Дед дёргается. Мнётся на одном месте. Всё же говорит, что задумал:

— Як, с богом.

Волков кивает. Тут же оглядывается на меня: мол, шевелись!

Я говорю, до свидания…

Только выйдя из Заполья, понимаю, что именно сказал. Неужели я верю, что снова сюда вернусь?..

Мы молча бредём по темноте. Я тщательно всматриваюсь в голубоватую блямбу под ногами, образуемую лучом фонарика. Она скачет по асфальту — это дорога. Я понятия не имею, куда именно она ведёт… Скорее всего, к очередному оплоту уныния… Пустынному, а может населённому такими же еле тлеющими клочками жизни.

Интересно, совместимы ли такие понятия как кладбище и вера?..

А надежда и вера?..

А кладбище и надежда?..

Мне грустно.

Волков сбавляет шаг. Ждёт, пока я его догоню. Говорит в полголоса, освещая фонариком близко подступающие деревья:

— Так ничего и не скажешь?

— На счёт чего?

— На счёт всего.

— Хм… Не знаю. Ты всё правильно сделал. Ей нужно в больницу. С этим не шутят… Нам нужно будет поспешить с возвращением…

— Я не про это.

Я молчу. Я не знаю что сказать. Да, контрабанда, это грубое, уголовно наказуемое преступление, однако… Однако, когда всё именно так… Я не знаю… Не мне рассуждать на счёт правильности или неправильности человеческого поступка, когда тот настолько завуалирован. Тут даже дело ни сколько в манерах и чувствах, сколько в простом восприятии данности. Если вы сможете воспринять её как благой поступок — это хорошо. Если же нет — никто вас не осудит… А вы, в свою очередь, сможете осудить нас… И тоже будете правы.

— Пенициллин?.. А что в этом такого? Ты ведь его не украл…
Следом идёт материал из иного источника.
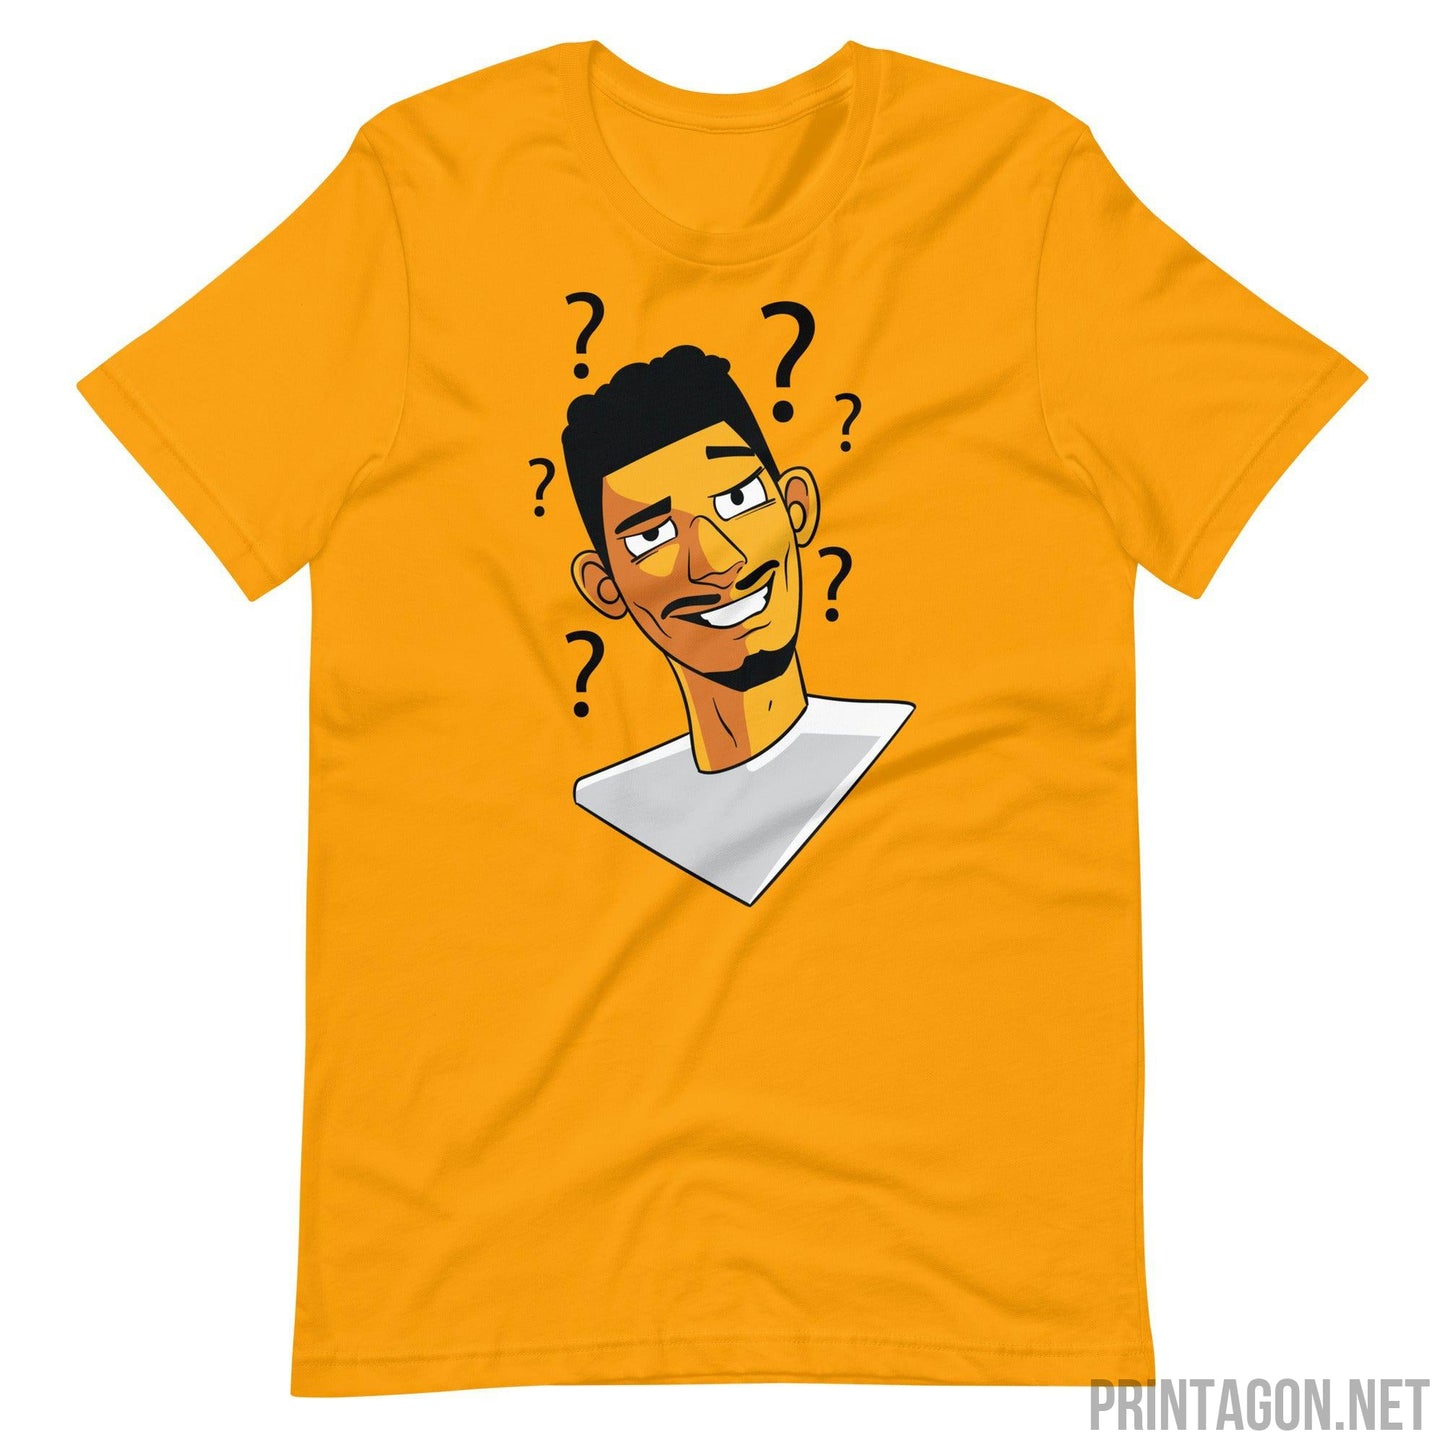 Printagon - Confused Man - Unisex T-shirt - Gold / S

Он усмехается и светит мне в лицо. Глупо пытаться определить человеческие эмоции именно так. Я просто отворачиваюсь. Он теряет терпение.

— Брось паясничать! Мы ведь оба прекрасно знаем, откуда лекарства и шприцы!

— Ну, знаем. Это что-то меняет? Или ты теперь вынужден закопать меня тут, чтобы избежать огласки и суда?! Или тебя просто похвалить надо?..

Он молчит. Явно не ожидал, что я могу понять и осознать его душевные мотивы. Затем тихо говорит:

— Прости. Погорячился. Просто не ожидал, что ты отреагируешь именно так. Просто…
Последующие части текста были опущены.